Биографический роман американского журналиста Тома Рииса посвящен Льву Нусимбауму (1905–1942), бакинскому еврею, принявшему ислам, авантюристу и писателю, издававшему свои книги под псевдонимами Курбан Саид и Эсад-бей. Его главный роман «Али и Нино», бестселлер 1930-х годов, пережил второе рождение в 1970-е и был переведен на сорок языков мира. Однако до расследования Тома Рииса настоящее имя человека, который скрывался под стоящим на обложке книги псевдонимом Курбан Саид, оставалось неизвестным. На примере одной жизни, «исполненной тайн и опасностей», Риис описывает распад Российской империи, судьбы эмиграции в Стамбуле и Берлине, становление фашизма в Германии,
Великую депрессию в США, то есть, по сути, создает собственную версию истории первой половины XX века. Русскому читателю книга будет интересна вдвойне, поскольку касается больной темы национальной политики Российской империи в Закавказье и дает увлекательный пример жизни русского европейца, установившего свои собственные отношения с мусульманским миром и принятого этим миром за своего.
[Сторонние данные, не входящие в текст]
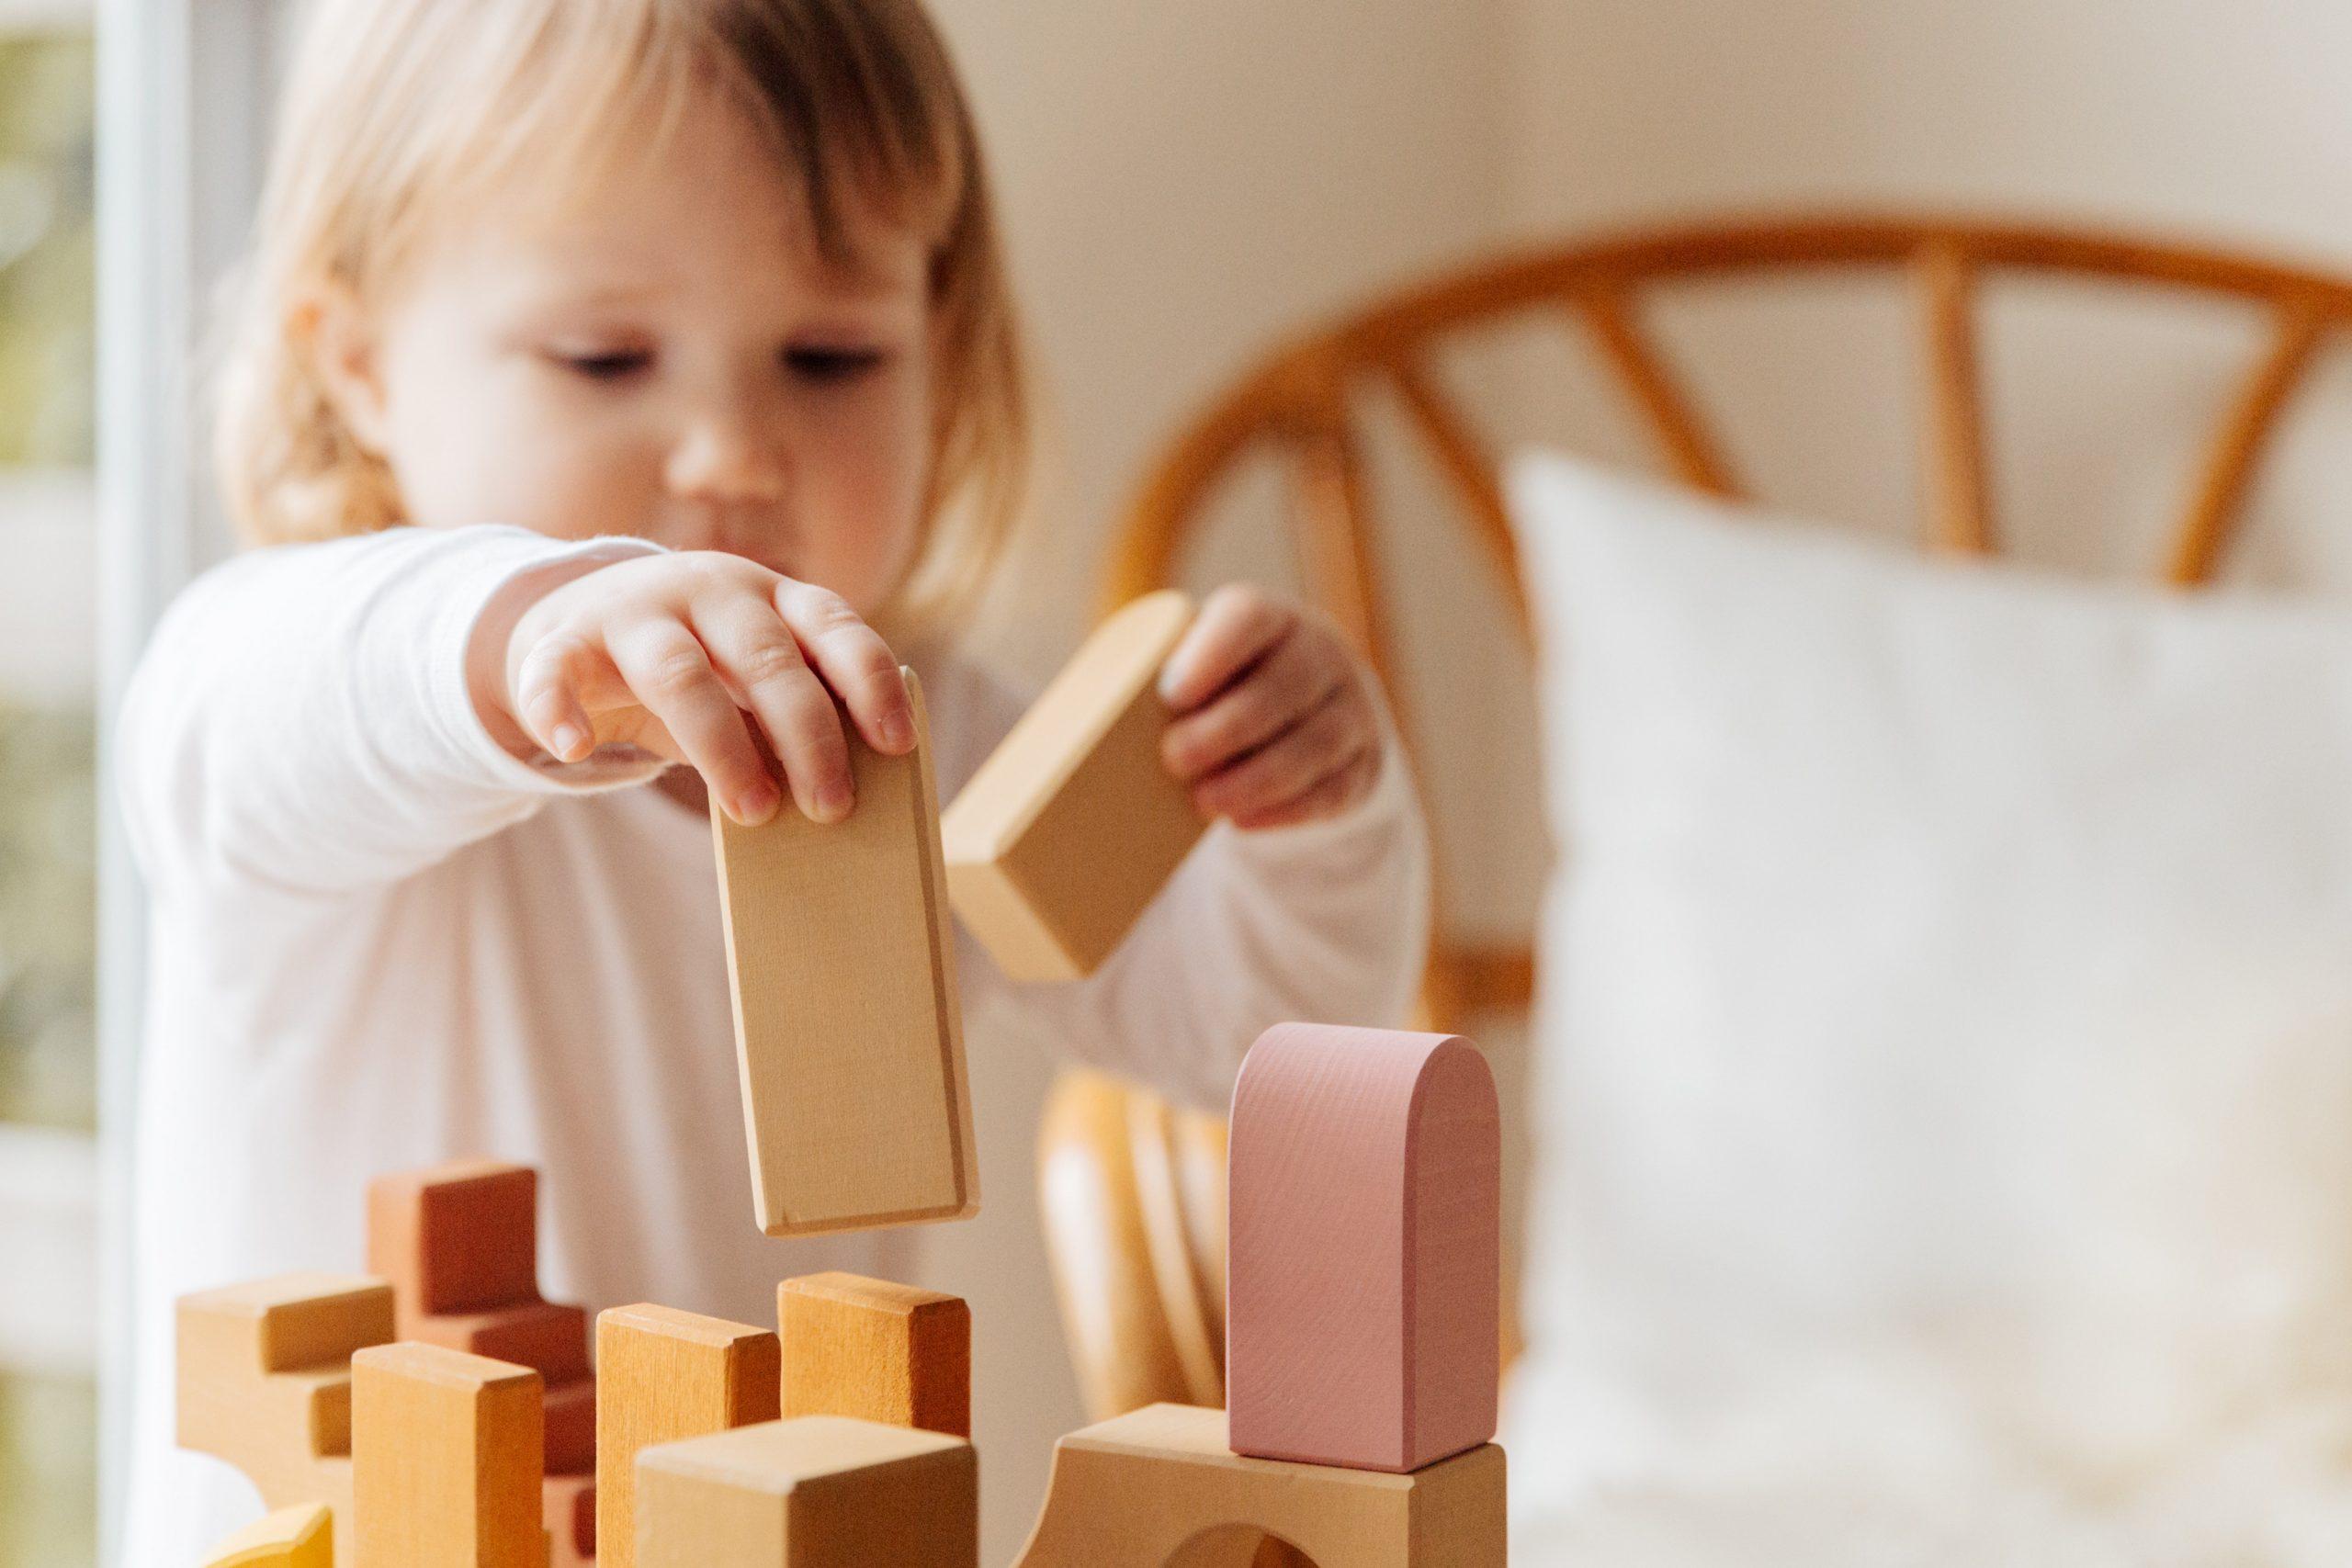 Otroška igra – kako se razvija in zakaj je pomembna?

Введение. В поисках Курбана Саида
Холодным ноябрьским утром я спешил по лабиринту узких улочек в центре Вены на встречу с человеком, пообещавшим, что раскроет тайну псевдонима Курбана Саида. Со мной был Питер Мейер, глава американского издательства «Оверлук-пресс», осанистый мужчина в черном, хотя и несколько помятом, вельветовом костюме, незадолго перед тем загоревшийся идеей переиздать небольшой роман Саида «Али и Нино». По дороге Мейер то и дело принимался громко восторгаться этой книгой:
— Это, знаете ли, как живопись Вермеера: у того смотришь на картину, и вроде бы ничего особенного, обычный, казалось бы, интерьер, но так выстроена перспектива и свет так падает, что все в ней вдруг начинает казаться волшебным, грандиозным! И в этой книге — то же самое!
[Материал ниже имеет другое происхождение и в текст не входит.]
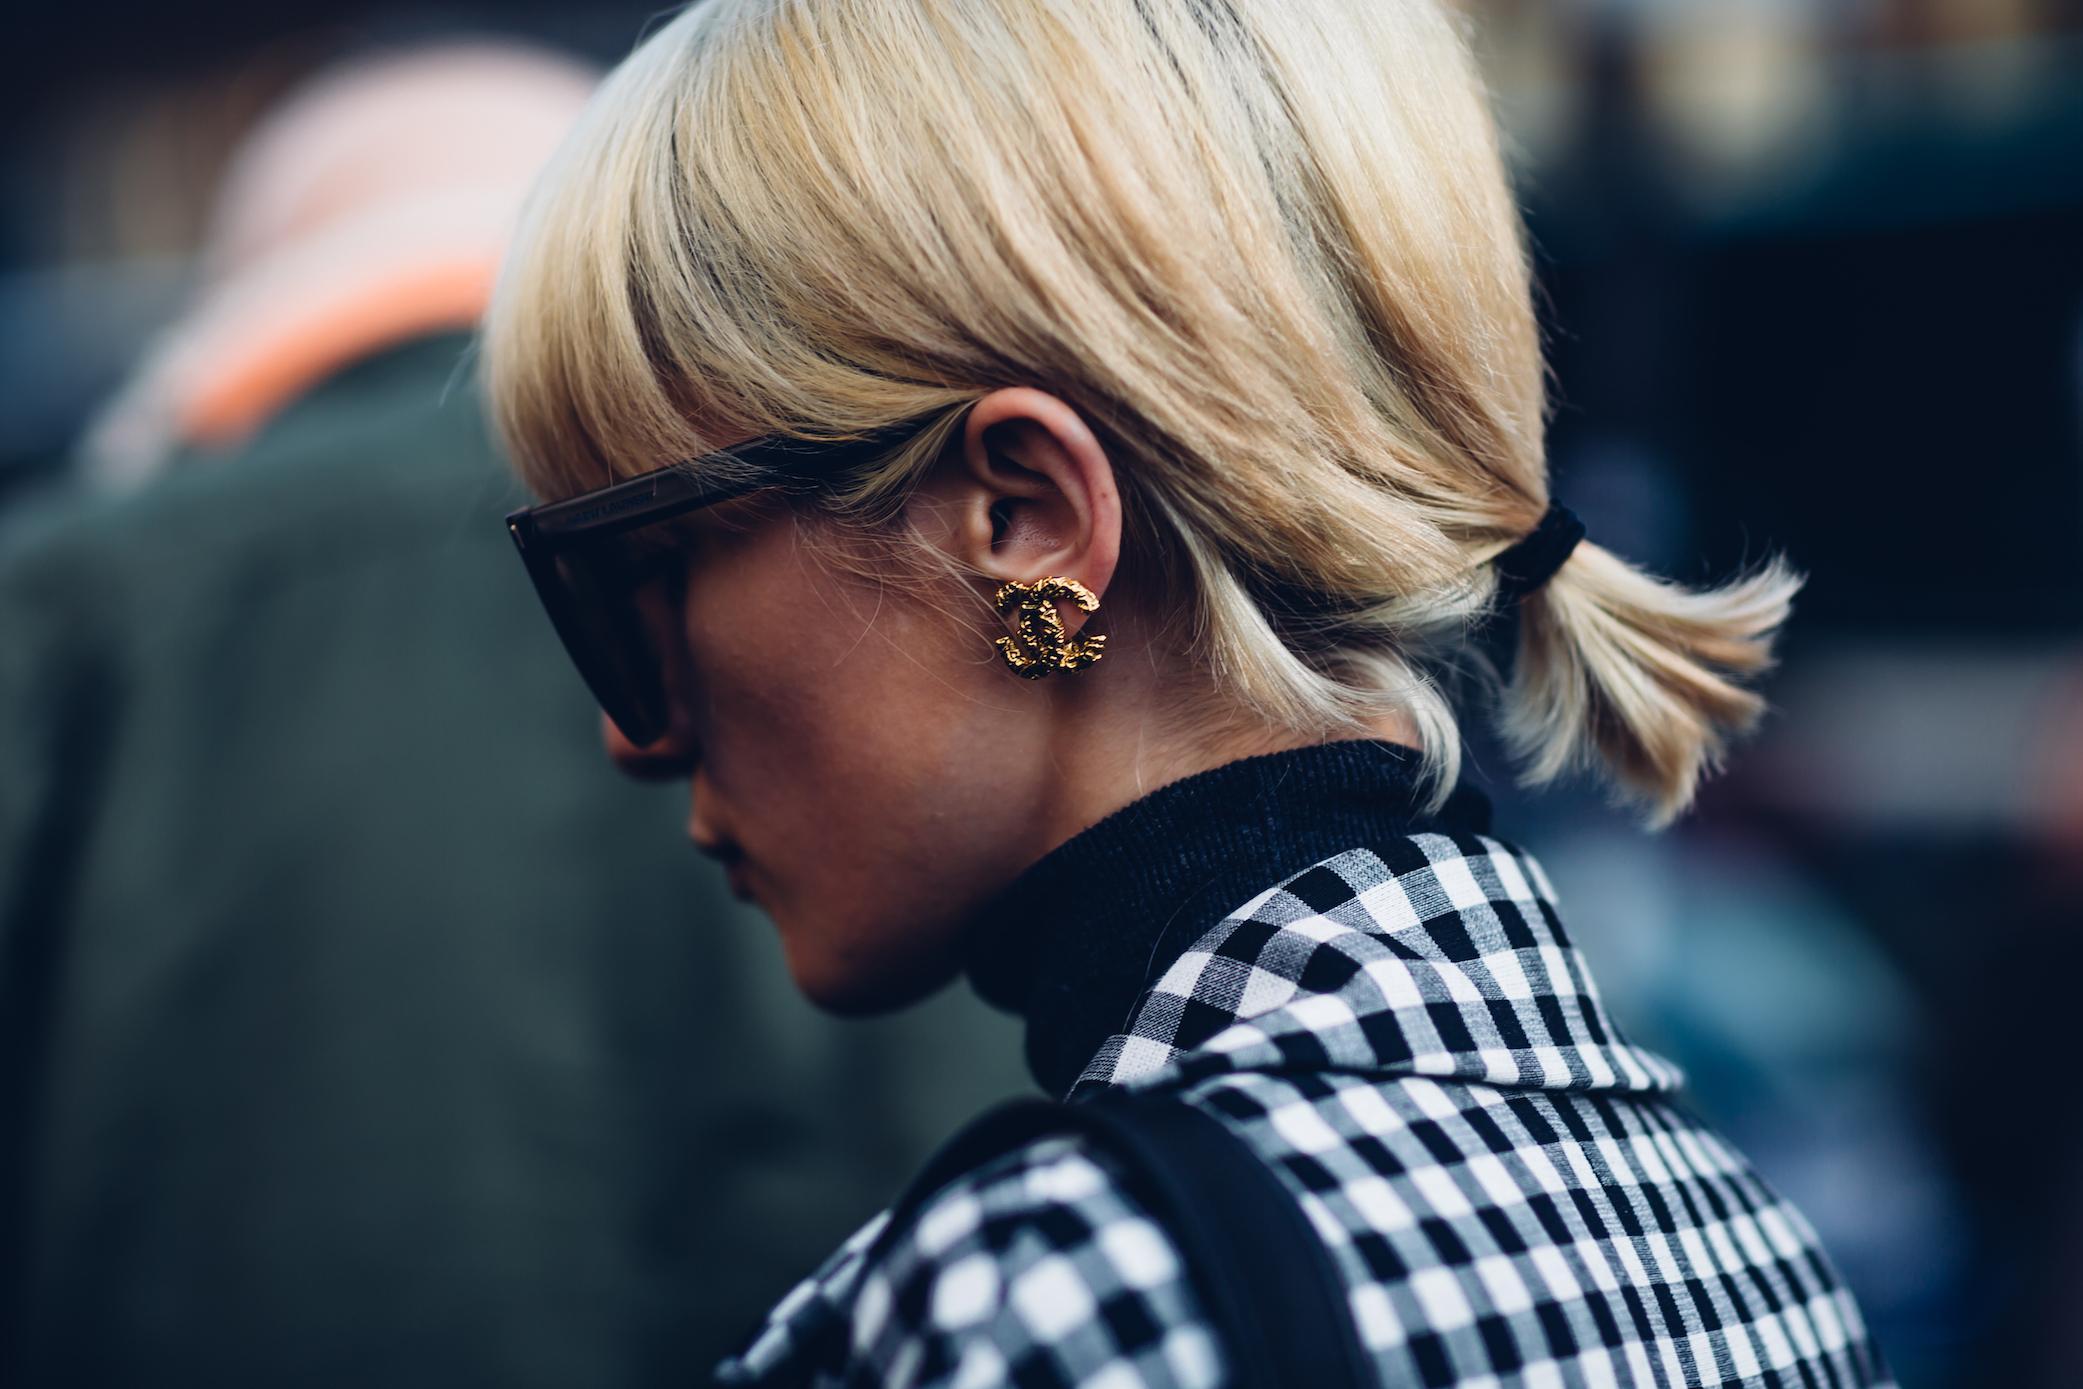 moeez chanel earring closeup streetstyle

История влюбленных Али и Нино, разворачивающаяся на Кавказе накануне Октябрьской революции, впервые была издана по-немецки в 1937 году и обрела вторую жизнь уже в 1970-х годах, когда ее взялись переводить и переиздавать, так что даже стала считаться классикой — пусть и не первого ряда. Однако вопрос об авторстве книги оставался открытым. Мнения сходились в одном: «Курбан Саид» — это псевдоним писателя, который, судя по всему, родился в Баку, центре нефтяной промышленности Кавказа. Но был ли это азербайджанский литератор-националист
[1]
, погибший в лагерях ГУЛАГа, или же непрофессиональный писатель, сын одного из нефтяных магнатов, а быть может, кто-то из былых завсегдатаев венских кофеен, скончавшийся в Италии от заражения крови? На обложке «Двенадцати тайн Кавказа», другой книги Курбана Саида, имелась фотография этого загадочного автора в костюме воинственного горца — в меховой папахе, черкеске с развевающимися полами и нашитыми спереди газырями и, конечно же, с кинжалом на поясе.
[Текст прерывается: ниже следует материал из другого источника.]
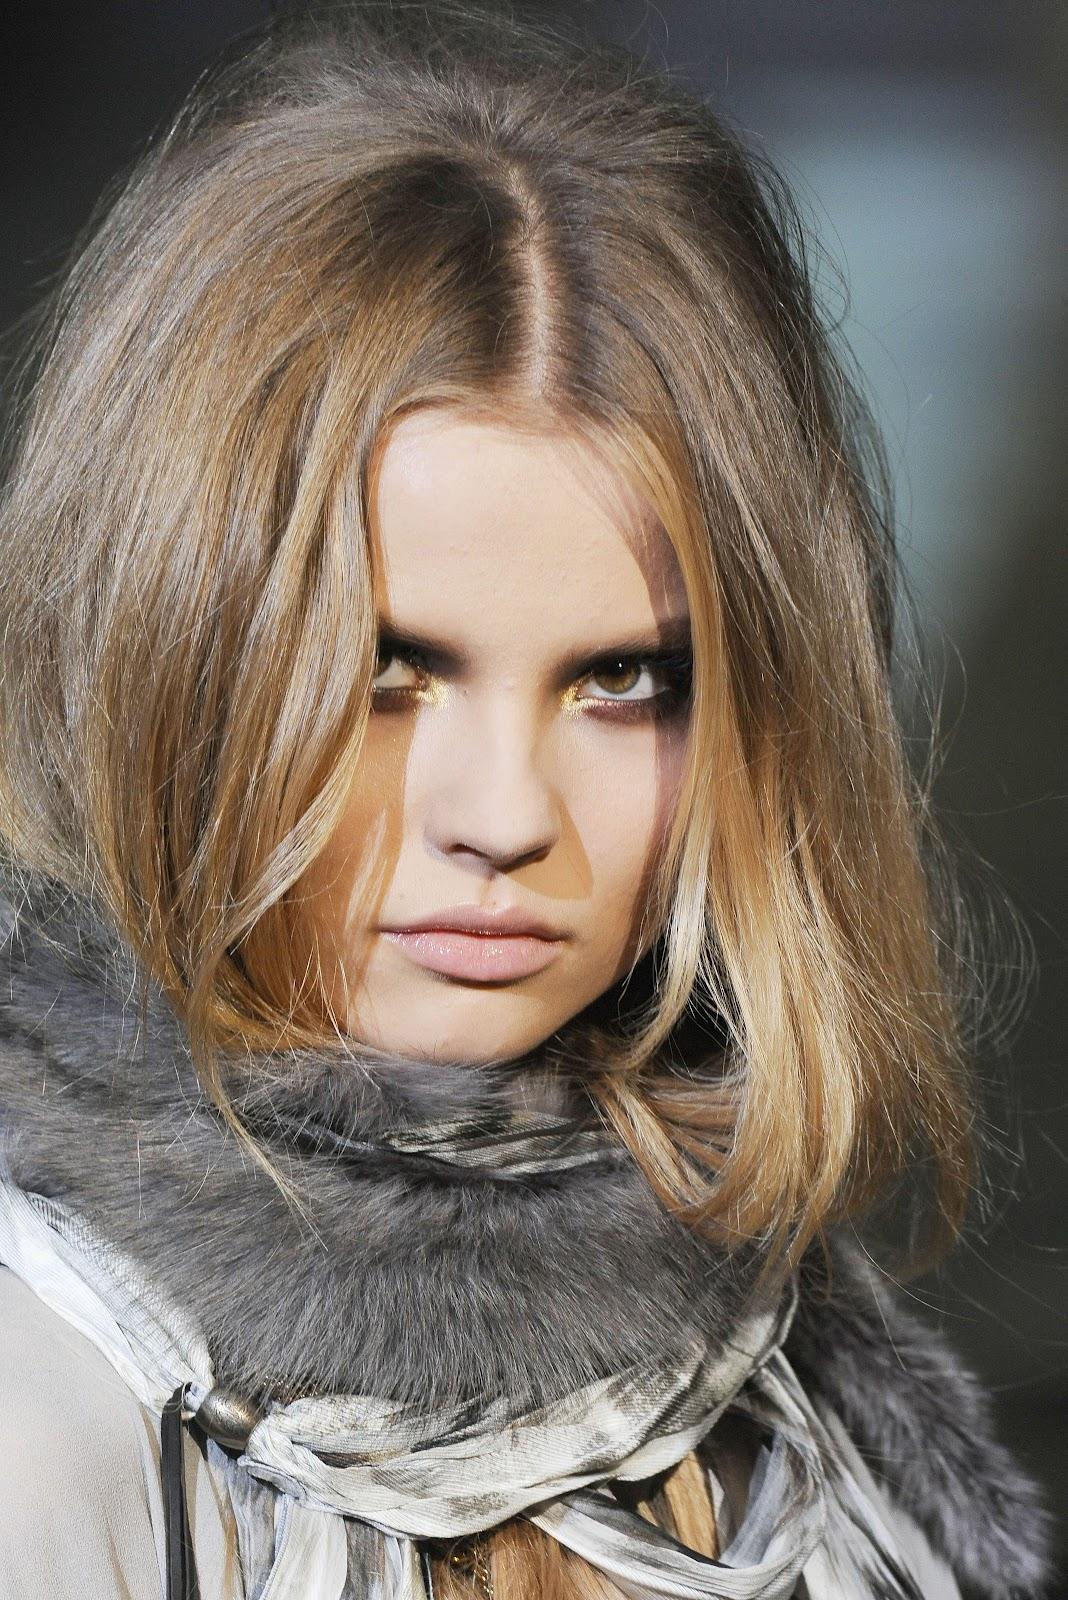 http://3.bp.blogspot.com/-ncNgAIueUhI/UB85FAwDZcI/AAAAAAAAAW4/6prCPMKI4vQ/s1600/hair.jpeg

В тот день нам с Питером не терпелось поскорее встретиться с юристом, которого звали Хайнц Баразон
[2]
, поскольку тот обратился в «Оверлук-пресс» с протестом против желания издательства указать на обложке имя настоящего автора, а не псевдоним, под которым она прежде выходила. Господин Баразон утверждал, что именно ему известно подлинное имя человека, назвавшегося «Курбаном Саидом», и что он как адвокат, представляющий интересы его наследников, настаивает на том, чтобы именно это имя было указано при новом издании «Али и Нино». В противном случае он угрожал обратиться в суд, чтобы не допустить публикации произведения. Когда мы, наконец, нашли его контору (рядом с лавкой, где несколько старух горбились над шитьем), кто-то невидимый нажал кнопку, и под зудение зуммера мы попали в вестибюль, до такой степени запущенный и грязный, что, казалось, пыль лежала там нетронутой еще со времен аншлюса. Питер, схватив меня за локоть, восторженно выдохнул:
— Да это же прямо кадры из «Третьего человека»!
Часть первая
Глава 1. Революция
Лев Нусимбаум родился в октябре 1905 года, когда культурная толерантность богатых бакинцев стала исчезать. 17 октября 1905 года Николай II издал манифест о конституции, однако сделано это было ради того, чтобы притушить нараставшие волнения. На улицах Баку появились казаки, разгонявшие граждан, превративших свой прежде многонациональный город в зону военных действий, где восторжествовали средневековые обычаи. Богатые виллы, обитатели которых принадлежали к той или иной этнической или религиозной группе, вызывавшей ненависть у толпы, порой оказывались в настоящей осаде.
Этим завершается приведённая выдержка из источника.